Утром, встав ото сна, Шмил перво-наперво омывал десницу и шуйцу, произносил молитву и отправлялся в бэйскнесэс – вместе с еще девятью благочестивыми евреями они там составляли миньян. Ежедневно читал он свой Тилимл[117] и все остальное, что полагается из большого молитвенника, унаследованного от отца. При этом говорил он нередко:
– Пребывать мне в аду. По мне-то и Кадиш прочесть будет некому.
– Откуси себе лучше язык, – отвечала ему, всполошившись, Шоша. – Бог не попустит. Во-первых, Адонай поступает по справедливости, и Он всевластен. Во-вторых, жить ты будешь долго, и уже при жизни твоей прибудет Мессия. В-третьих, я, может быть, умру раньше тебя, и тогда ты женишься на другой, которая родит тебе сына.
Шмил-Лэйб поднимал крик:
– Боже, избавь от такого! Нет! Лучше я буду гореть в аду! Как вам нравится: она умрет раньше меня…
Каждая суббота была в радость супругам, но больше – зимой. Короткая пятница, зимняя ночь, когда они вовсе спать не ложились: Шоша замешивала тесто, накрывала его белым полотенцем, а сверху еще подушкой, лучше взойдет.
Затапливала печь, дрова заготавливались загодя – высушены, и лучинки нащеплены.
Запирала окна и ставни, куховарила при свечах. Ощипывала гуся или курицу – что подешевле купить удавалось, – обмывала тушку, а прежде чем густо ее посолить, соскребывала весь жир. Печеночку поджаривала для мужа и подавала с плетеной халой, на которой, нередко, сдобным вензелем на корке располагалось сдобное ее имечко: Шоша.
Он ел и посмеивался:
– Шоша, я съедаю тебя! Все! Съел без остатка!
Забирался на печь и оттуда взирал на многие деяния жены: Шоша месила, рубила, варила, пекла, перемешивала, маслила, поджаривала, а потом любовалась ароматной субботней халой.
Все мелькало и подтанцовывало в ее руках – ухват, кочерга, скалка, гусиное перо, служившее щеточкой, которой можно, обмакнув предварительно в жир, дочиста вымыть внутри закоптевший горшок. Второпях, бывало, Шоша хватала руками и угли, быстро-быстро перебрасывая их с ладони на ладонь. Шмилу, хоть и пообедал уже, она подавала наверх то куриный пупок, то ломтик сдобы, сливу, вынутую из эсик-флэйш[118], при этом поддразнивая муженька:
– Ешь, обжора!
Но, заметив, что он – что редко случалось – вдруг обиделся, торопливо оправдывалась:
– Да нет же, нет, это я виновата, я тебя чуть голодом не уморила…

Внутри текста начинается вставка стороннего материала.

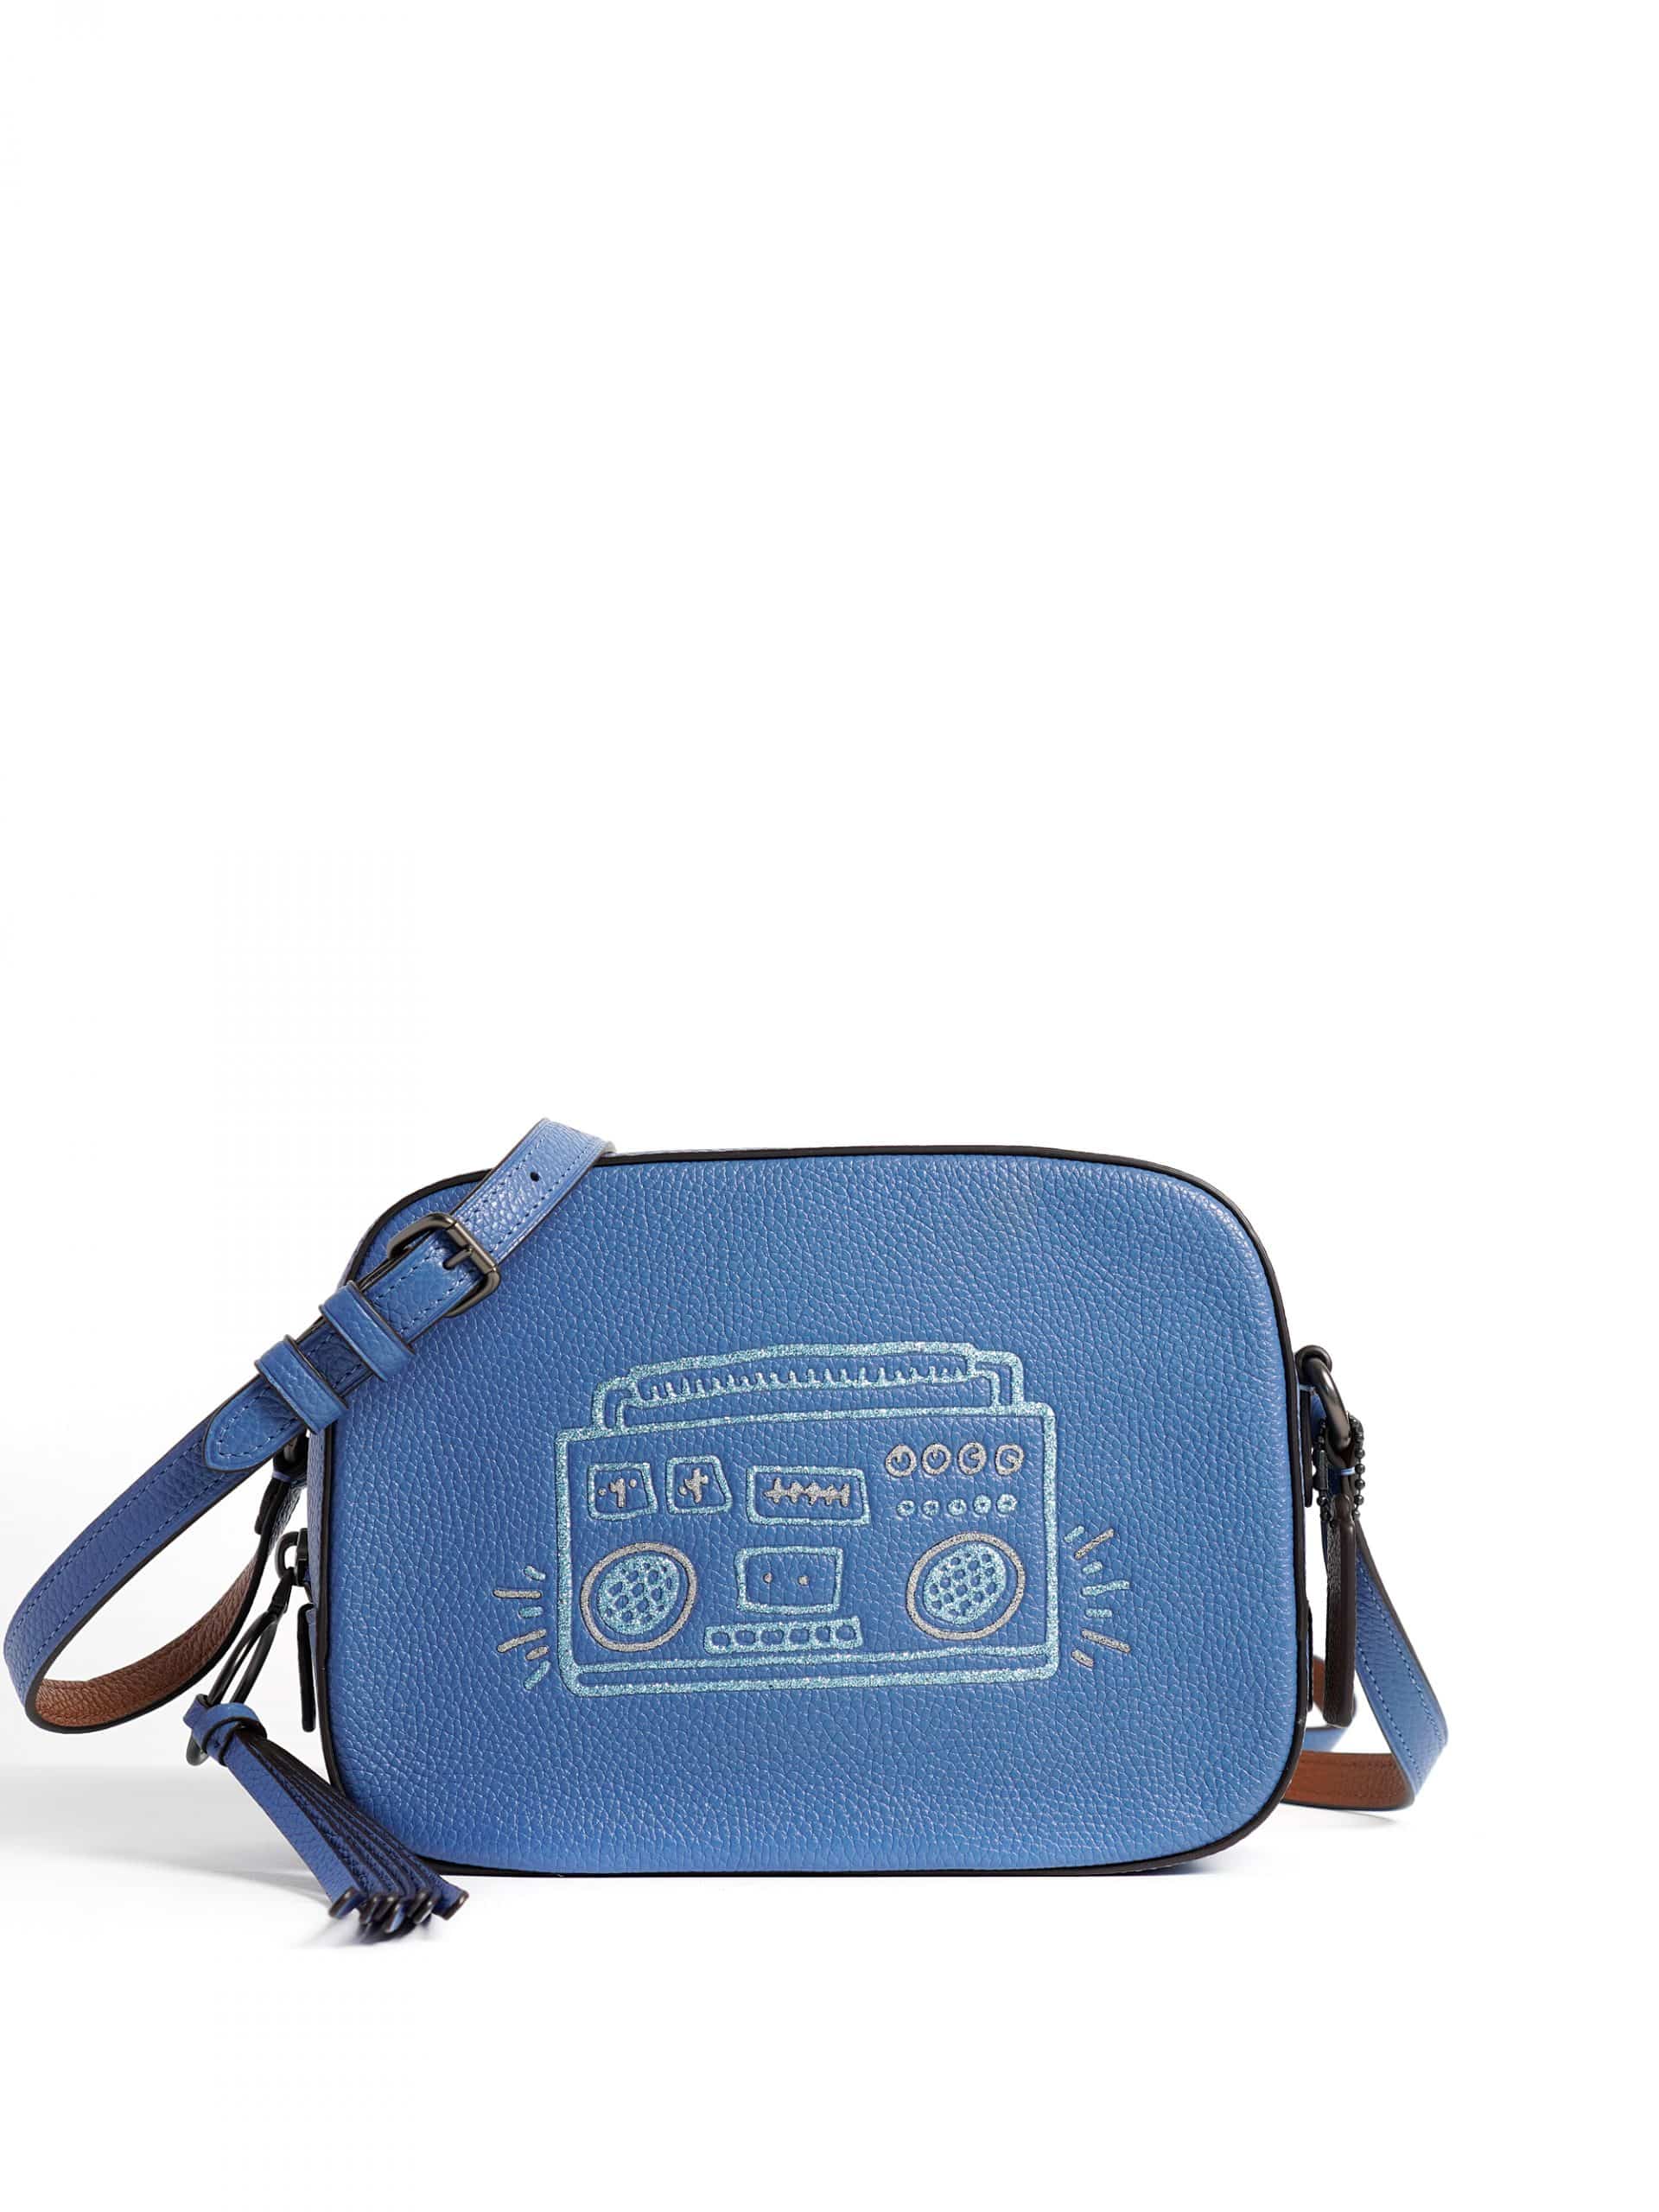 Coach X Keith Haring Camera Bag Sky Blue - Averand

Постель бывала расстелена с вечера, но лишь перед самым, бывало, рассветом они решали немного соснуть… Но зато с утра у Шоши было все-все готово, и, окинув довольным, но придирчивым взглядом стол, она со спокойной душой встречала начало святого дня отдохновения.
Это произошло зимой, в самую короткую пятницу. Всю ночь валил снег, он засыпал окна почти доверху, дверь окучил огромным сугробом. Супруги опять допоздна суетились, готовясь к субботе, и уснули только под утро. Проснулись поздно: петушиный крик не разбудил их, и свет дня, не пробившись сквозь толстую наледь на стеклах, не потревожил их сон.
Воздав Адонаю страстное благодарение за то, что и в это утро Тот возвратил ему душу, Шмил вышел во двор с метлой и лопатой, расчистил снег перед дверью, принес воды из колодца и поспешил к утренней молитве, а вернувшись позавтракал и отправился в баню.
Пар стоял непроглядный, но банщик знай подливал, поддавал водицы ведро за ведром, ведро за ведром. Вот в этом Шмил знал толк! Взобравшись на верхний полок, он стегал себя веником из свежих ивовых прутьев – по бокам, по спине, так что весь стал аж красный. Одевшись, снова заторопился, и поспел к молитве, даже раньше немного, подсобил шамэсу свечи расставить и стол скатертью застелить.